I highly recommend this book. It was an immersive, captivating reading experience. This is a book on par with such 21st-century masterpieces as Michael Chabon's The Amazing Adventures of Kavalier and Clay, Marilynne Robinson's Gilead, and Cormac McCarthy's The Road.

Monday, April 19, 2010

Ransom by David Malouf



This book had couple of strikes against it before I even read it. First of all, it’s a work of fiction closely based on another work of fiction—always an iffy move, in my opinion. Second of all, the work of fiction it’s based on is Homer’s Illiad, a story that should be exciting but then spends fifty pages describing a shield. When I ran across the book at the local public library, however, I saw that not only was it pretty short, but it also had a mysterious, shadowy picture of a donkey on the front. So I decided it was worth a shot.

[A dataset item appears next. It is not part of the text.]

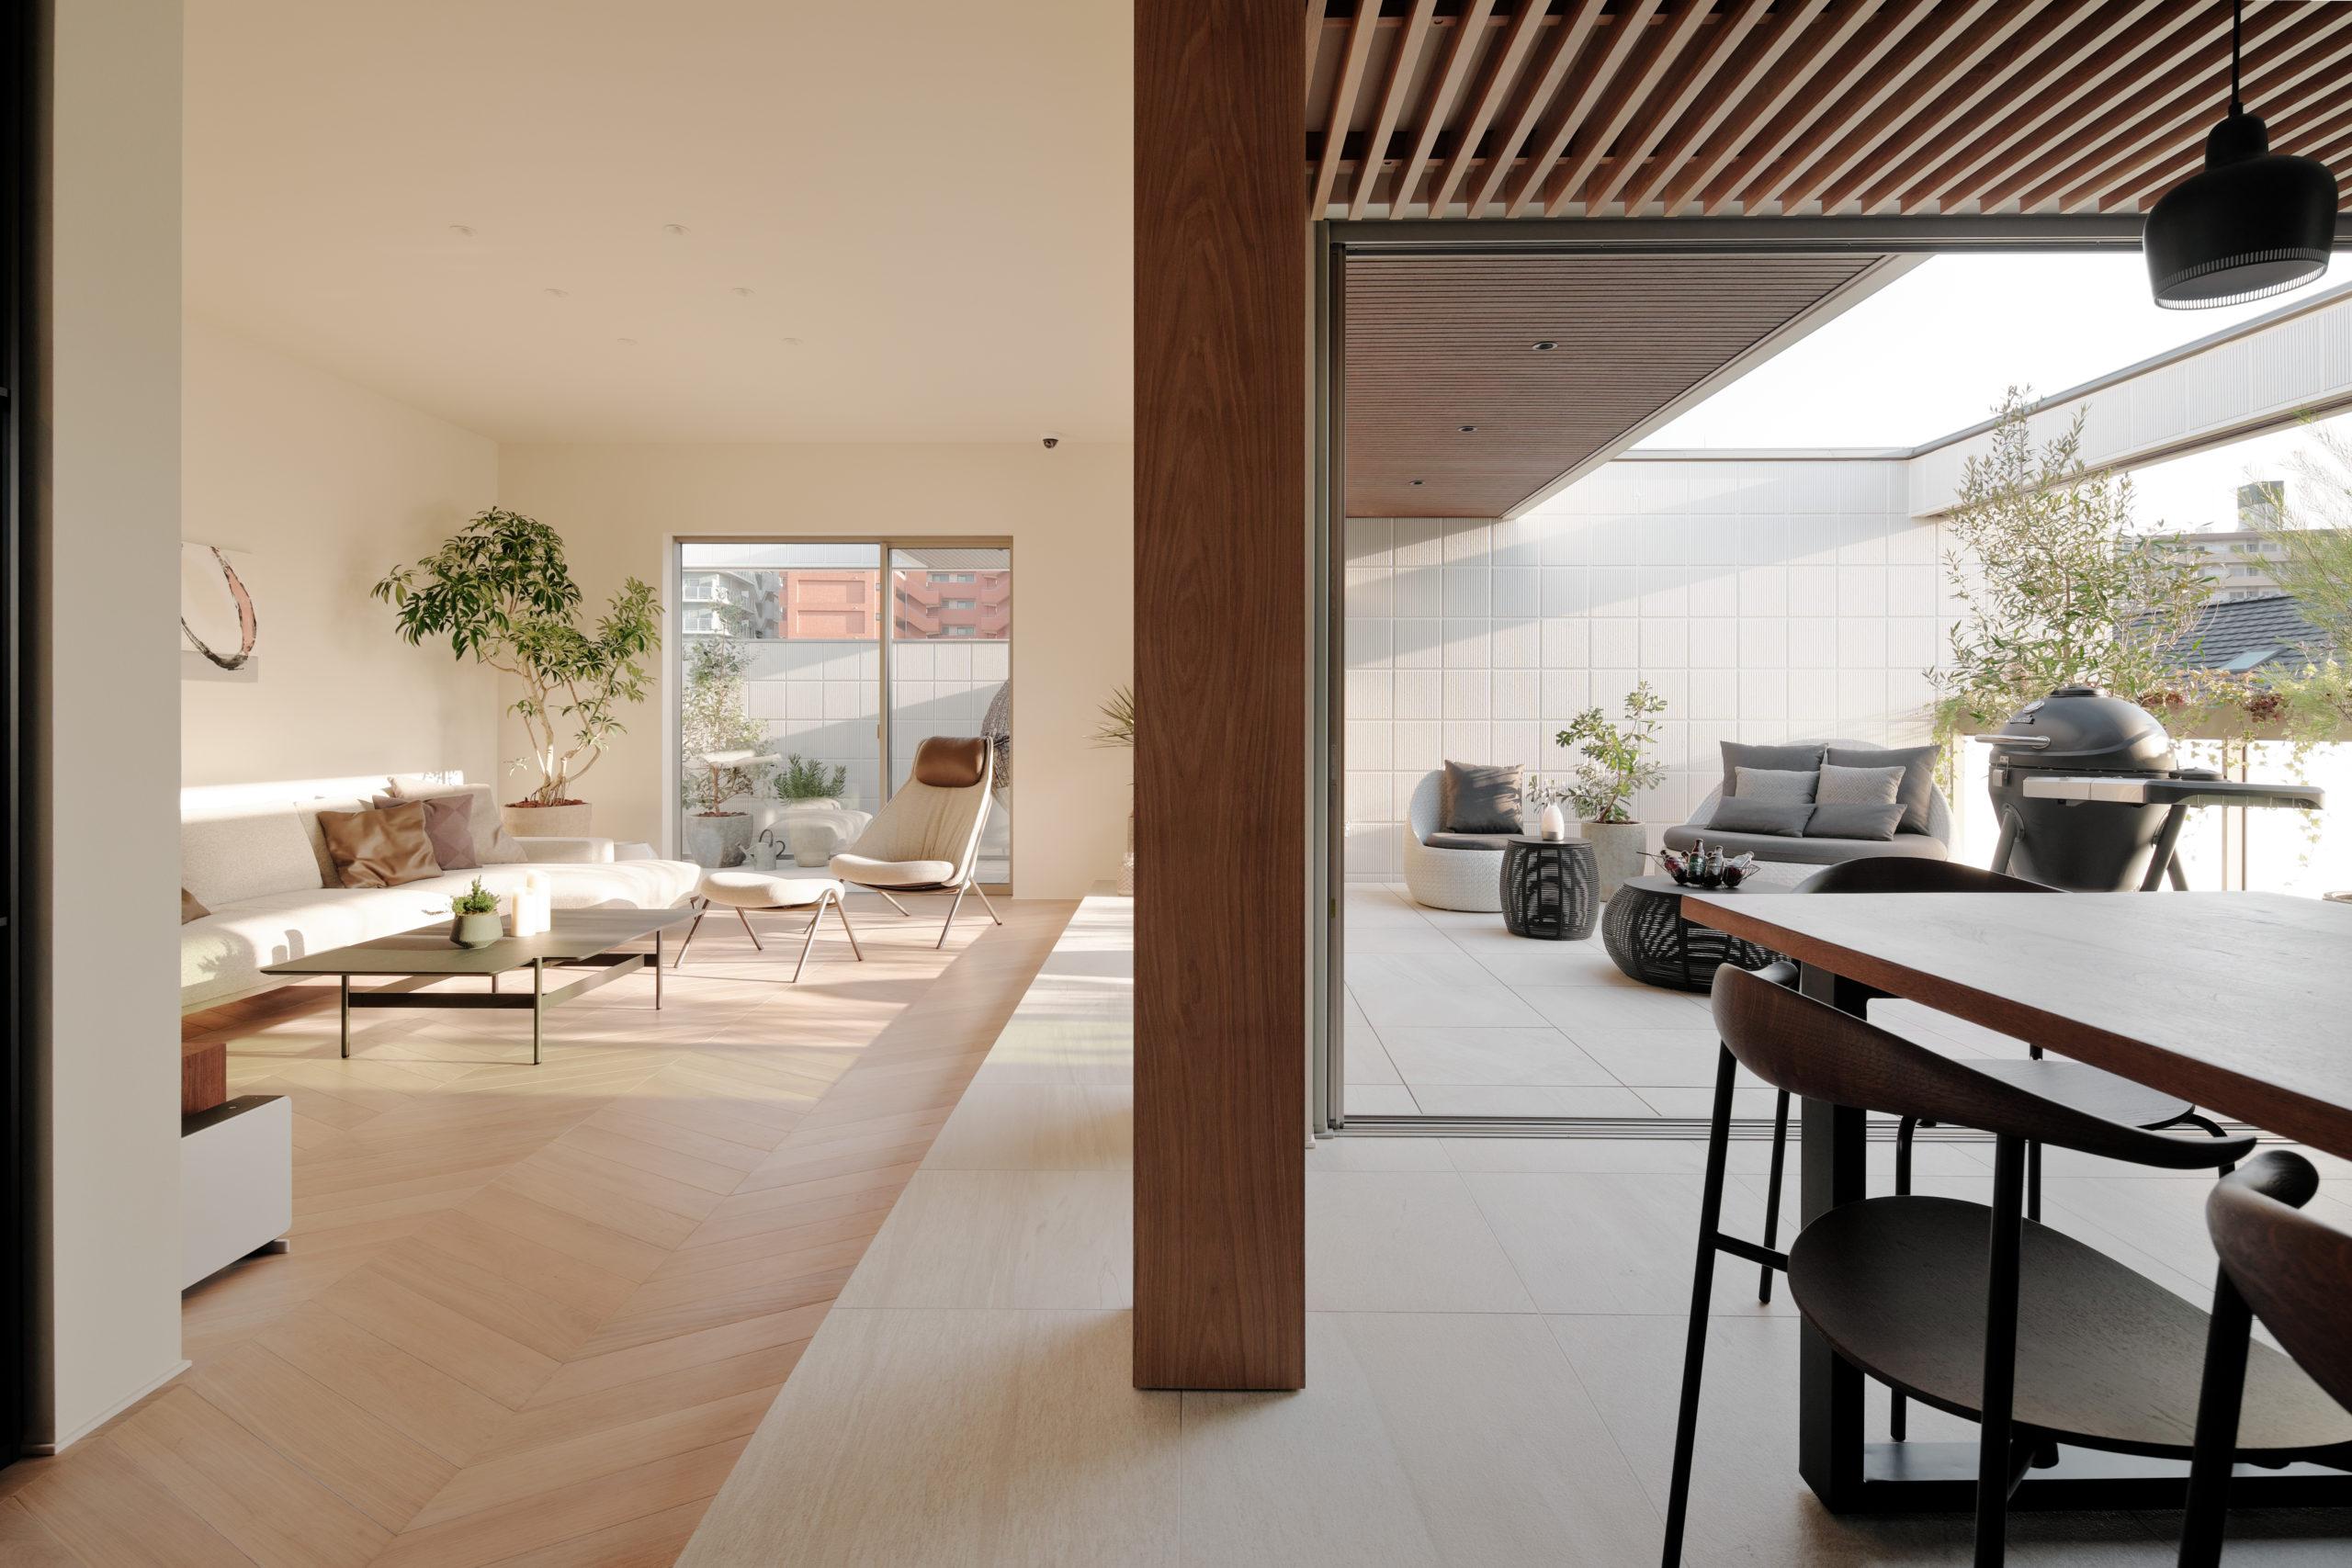 室内から外に向かって床をフラットにしタイルを繋げる事で、大空間を演出しました

To recap the episode from the Illiad: the Greeks have been laying siege to Troy for the past nine years without making a whole lot of progress. Achilles, the greatest of the Greek warriors, has been refusing to fight because Agamemnon (commander of the Greek forces) has insulted him. Things are looking bad for the Greeks without Achilles, so one day, Patroclus (closest friend of Achilles) wears Achilles’ armor into battle in hopes of striking fear in the Trojans. Patroclus is killed, Achilles is devastated and goes on a murderous rampage, ultimately killing Hector, a Trojan prince and their greatest warrior. Not satisfied with merely killing him, Achilles spends the next eleven days tying up Hector’s dead body behind his chariot and dragging it around just outside the walls of Troy, much to the dismay of the Trojans. Priam, the king of Troy, personally approaches Achilles with a large amount of treasure in exchange for the body of his son. Achilles is touched and gives the old man the body of his son.

Malouf’s novel begins its narrative around the time of Patroclus’s death, and ends after Hector’s body has been returned to Troy.

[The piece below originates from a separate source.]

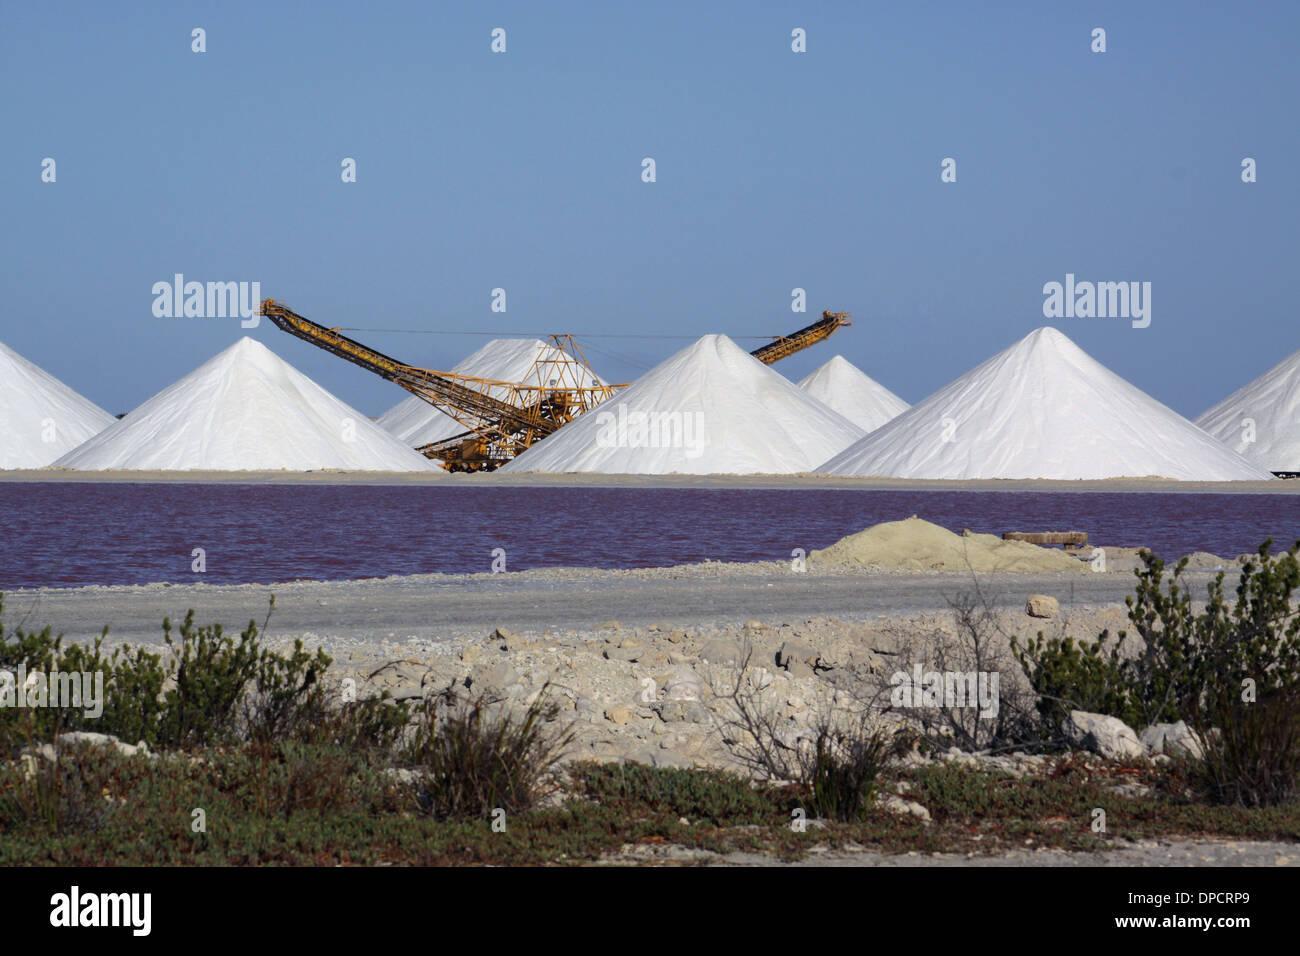 Montones de Sal en el funcionamiento de sal en la isla de Bonaire. Los lagos de sal rosa puede ser visto delante de los montones de sal Imagen De Stock

I like the strong sense of the physical in this book. It makes sense thematically, with Achilles’ shocking daily abuse of the dead body of Hector serving as the inciting incident, and that physicality comes into play in each of the book’s five sections. The middle section, possibly my favorite, depicts the journey of King Priam, accompanied in buddy-comedy fashion by a simple mule cart driver, from the palace of Troy to the camp of Achilles. Along the way, the two men discuss the deaths of their respective children, cool their feet in a stream after a long day’s ride, and share a stack of pancakes together.

It’s the pancakes, and the mule cart driver’s lengthy discourse on how to cook them, that prompt a realization in Priam—“that the food that came to his table so promptly, and in such abundance, might have ingredients. That a griddlecake or pikelet might have some previous form as batter. That batter might consist of good buckwheat flour and buttermilk, and that what you experienced as goodness might depend on the thickness of the batter or the lightness of the wrist. Or that ingenious arrangements might need to be made before a thing as simple as a pikelet could make its entry into the world. Or that one of the activities a man might give his attention to, and puzzle his wits over, was the managing of these arrangements, the putting together, in an experimental way, of this or that bit of an already existing world to make something new” (Malouf 128).

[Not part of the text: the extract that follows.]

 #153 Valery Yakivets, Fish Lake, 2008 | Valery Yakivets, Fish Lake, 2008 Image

On the flip side of these mundane physical pleasures are the reminders throughout the book of the violent deaths that await both Priam and Achilles. We are shown the death of Priam in a flash-forward—a messy, awkward killing at the hands of Achilles’ son. As he watches the body of Hector being prepared for its return to Troy, Achilles himself reflects that these preparations will soon be performed on his own dead body. In spite of its fixation on impending death, though, this is not a mopy, angsty book. It moves quickly, and Malouf’s economical writing style is impressive. The book is only 200 pages long, with large print and small pages, but it uses the space to create vivid scenes and engaging characters. It’s an ideal summer read—a book that’s hard to put down, but will stick with you once you’ve finished.